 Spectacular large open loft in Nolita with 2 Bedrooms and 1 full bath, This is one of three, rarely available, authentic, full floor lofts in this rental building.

* * *

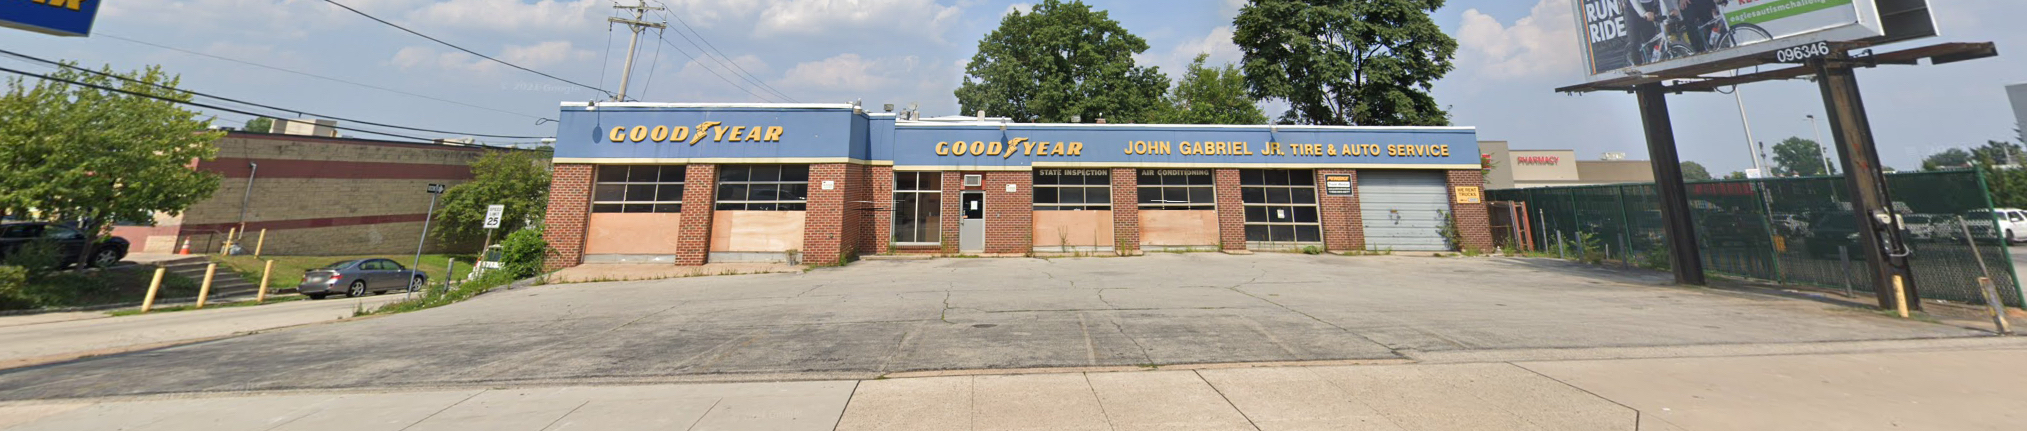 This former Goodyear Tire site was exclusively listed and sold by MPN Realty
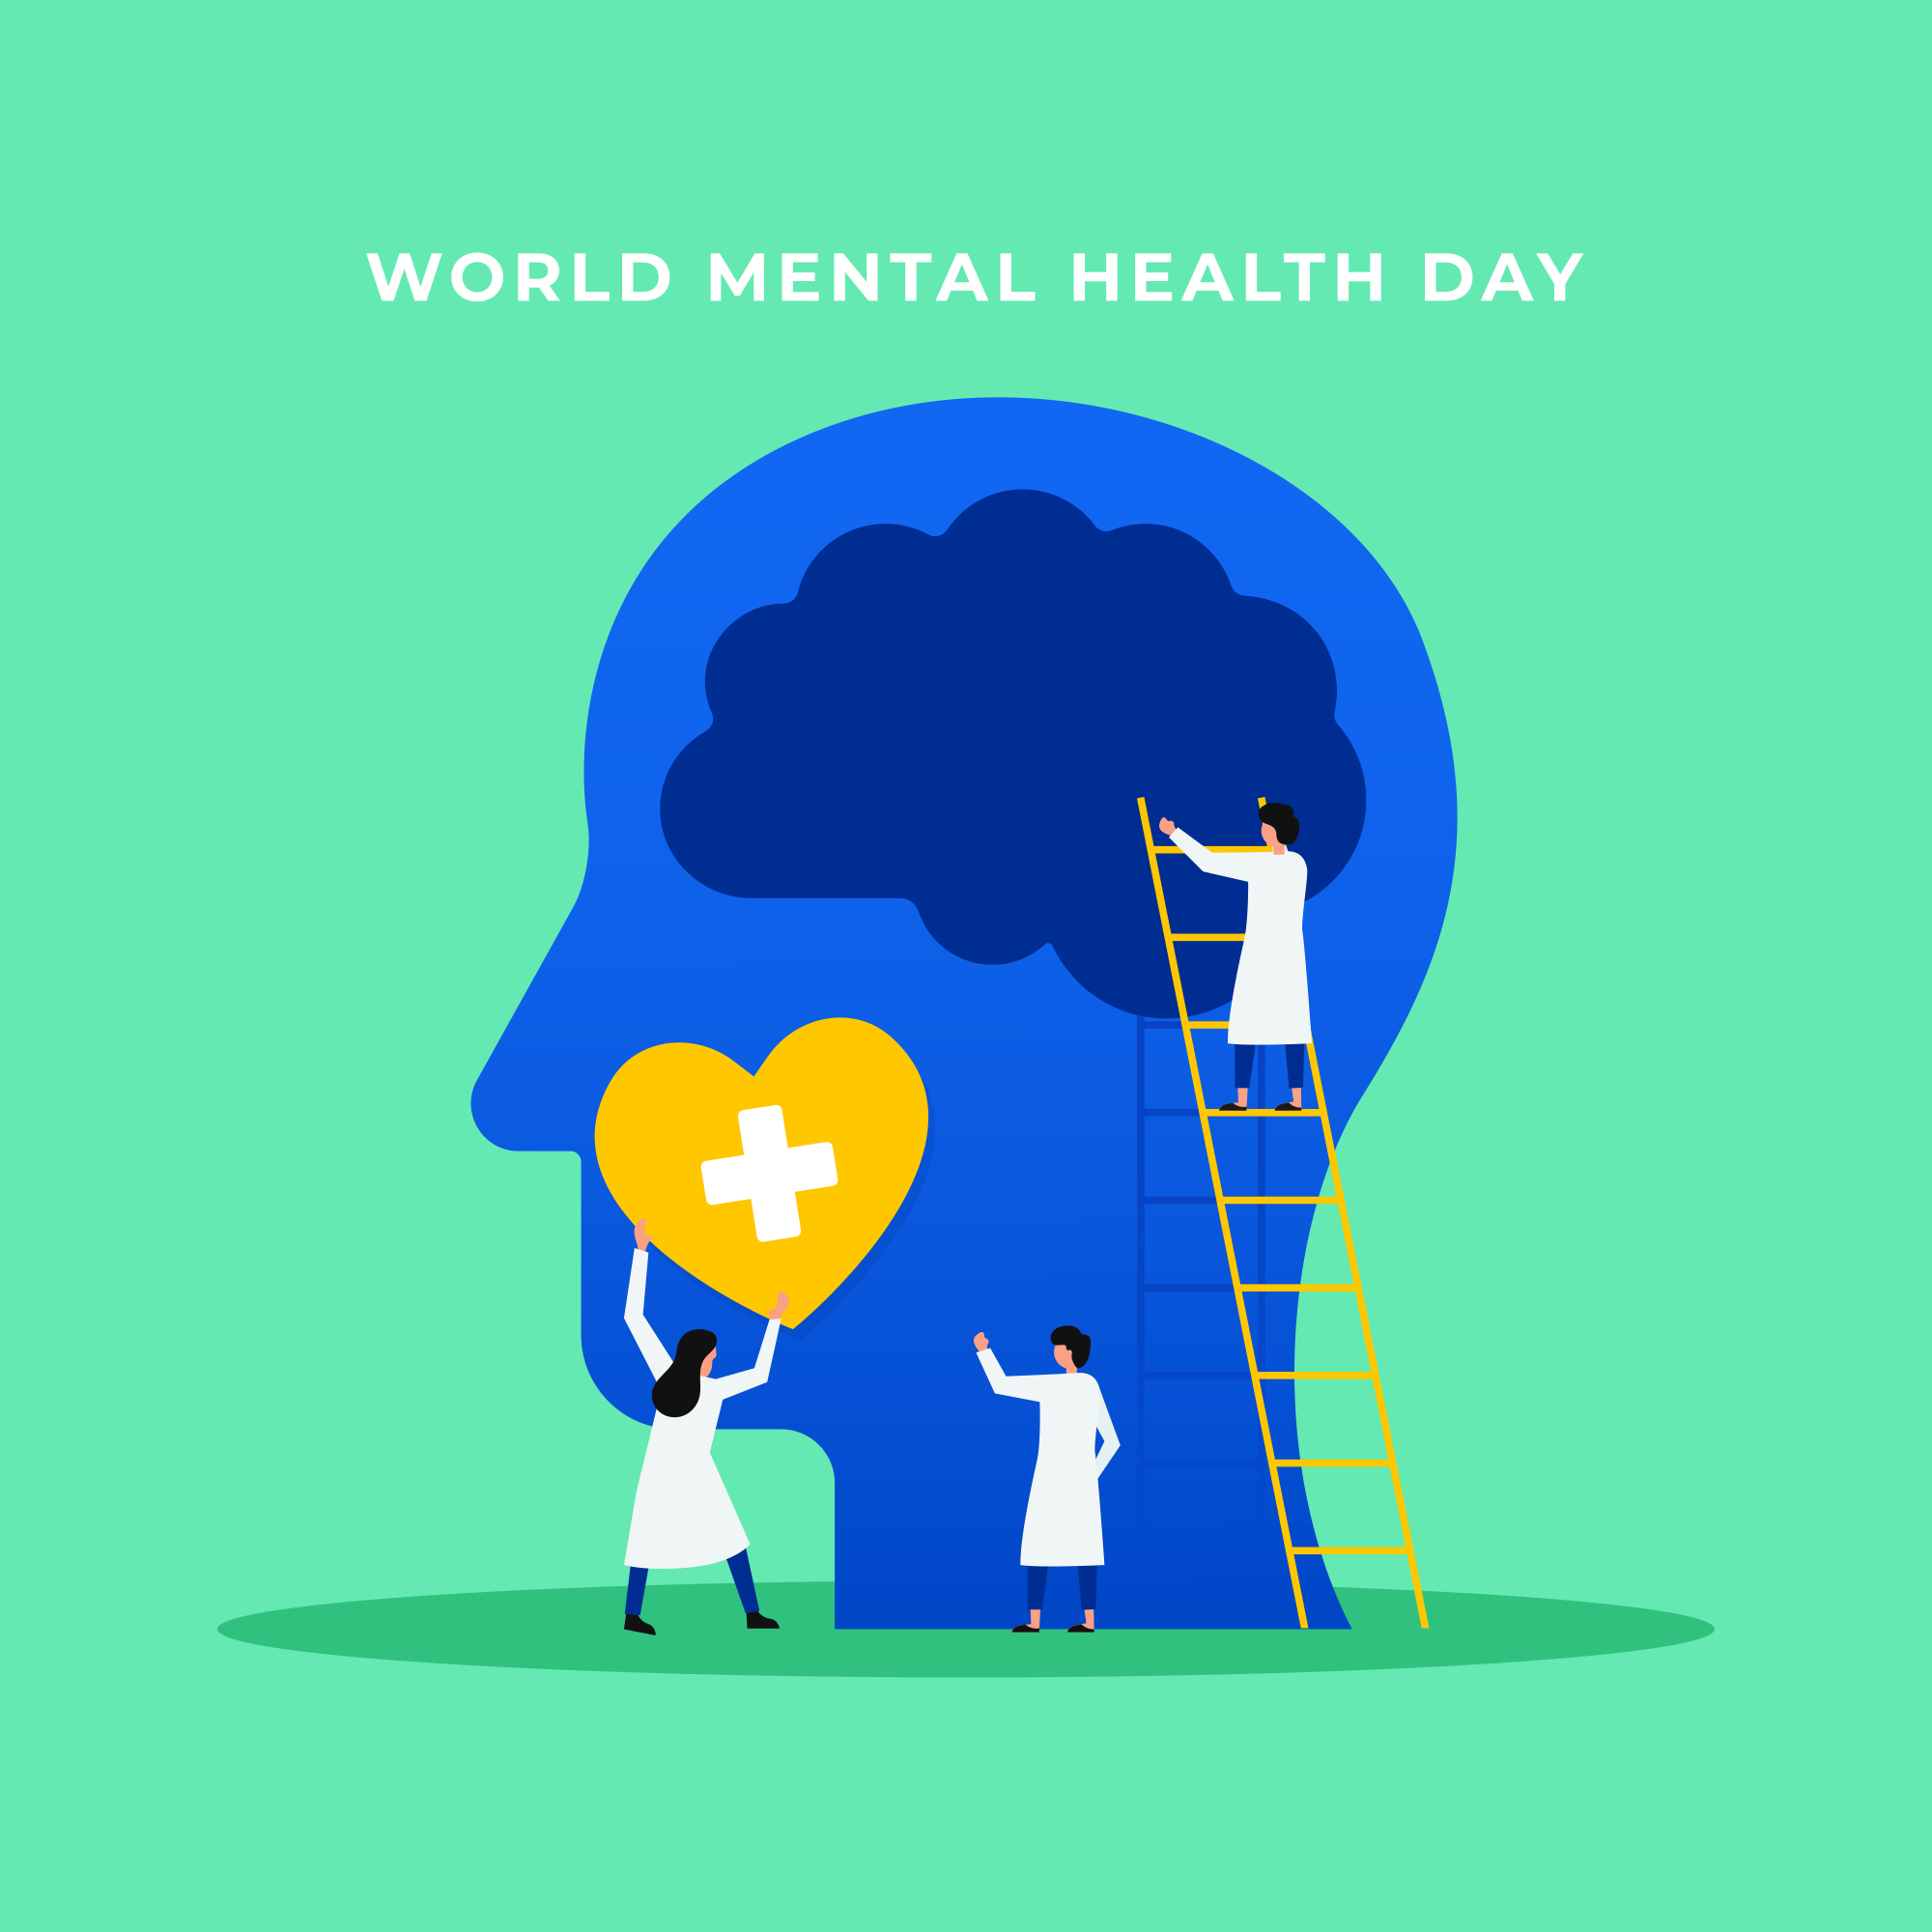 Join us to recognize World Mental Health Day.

• _Task description_:
Word for word, repeat the lines above from the one with "This former Goodyear" through the one with "Join us to recognize", and nothing beyond them. Omit the pictures.

• _Expected output_:
 This former Goodyear Tire site was exclusively listed and sold by MPN Realty
 Join us to recognize World Mental Health Day.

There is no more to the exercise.